The Ministry of Information and Broadcasting has blocked over 50 tweets on Twitter that carried a link to the BBC documentary, India: The Modi Question. In an order on January 20, 2023, the government used emergency powers under the Information Technology Rules, 2021 and Section 69A of the Information Technology Act, 2000 to direct Twitter and YouTube to disable access to the documentary within India and prevent its re-upload. Limited information about the blockage is available coming primarily from statements made by officials and reporting by Twitter to the Lumen Database that tracks takedown requests. There are concerns over natural justice, the constitutionality of the direction, and how the IT Rules that are in a perpetual state of proposed amendment.
Opacity supersedes natural justice
Natural justice is a fundamental principle in public law when decisions affect fundamental rights such as the freedom of speech.

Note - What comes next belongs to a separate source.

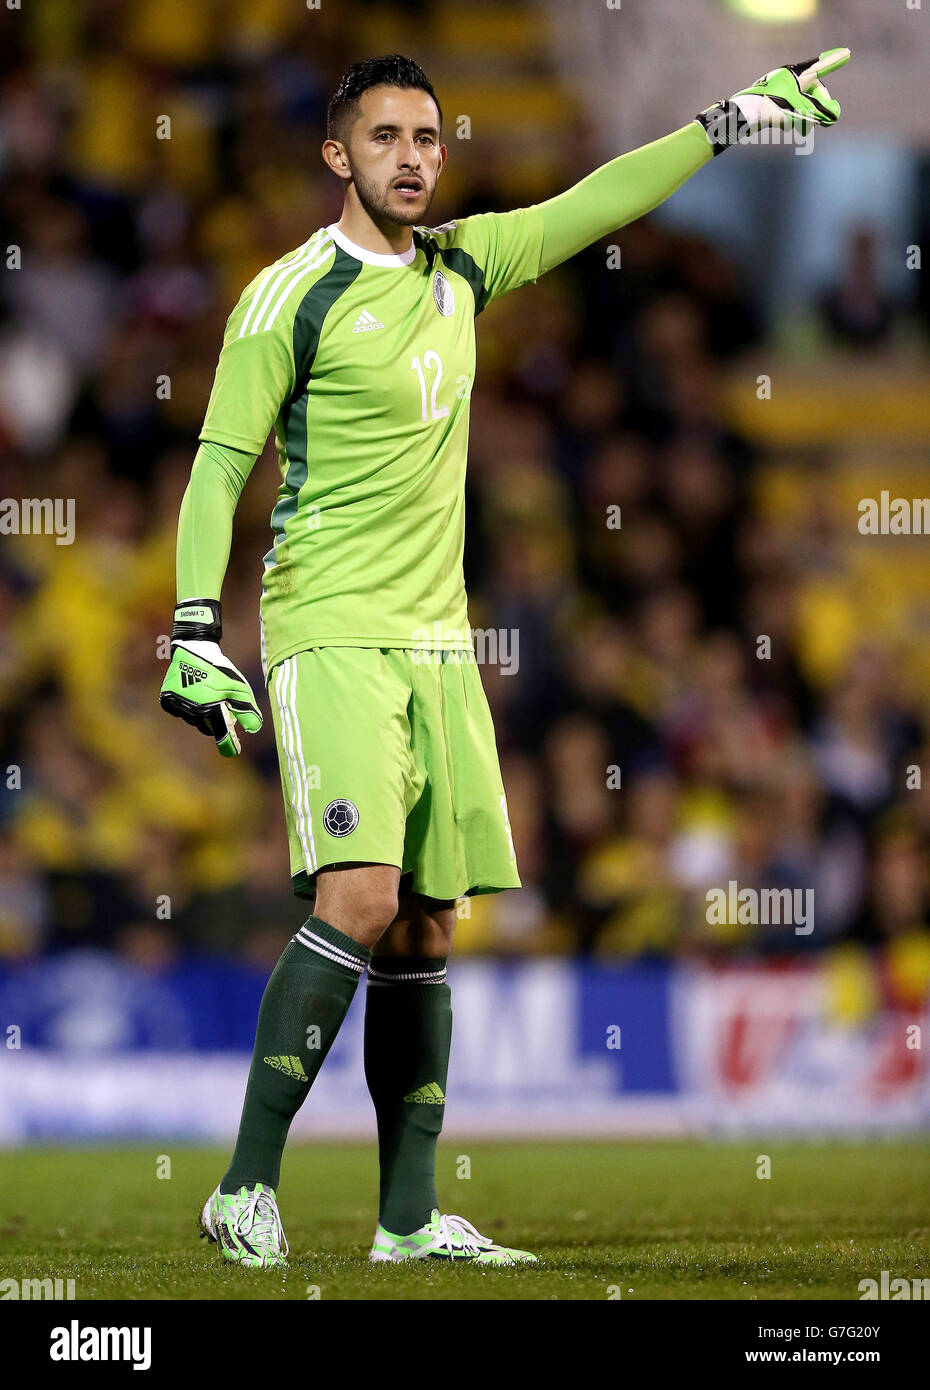 Soccer - International Friendly - Colombia v USA - Craven Cottage. Colombia goalkeeper Camilo Vargas Stock Photo

The Supreme Court of India, in the case of Cricket Association of Bengal, recognised that, “[t]he right to receive and impart information is implicit in free speech”.
Therefore, any restriction must ordinarily issue a show cause notice, provide the opportunity of defence to the author, and record reasons in an order that is made publicly. Providing reasons allows for the author or publisher, as well as the recipient of the information, to seek judicial remedies and act as a check for constitutionally permitted censorship. So, was such a procedure followed for the 45 people whose tweets were blocked? Were they provided a chance for a hearing, or a copy of the blocking order? Has it been made public? No.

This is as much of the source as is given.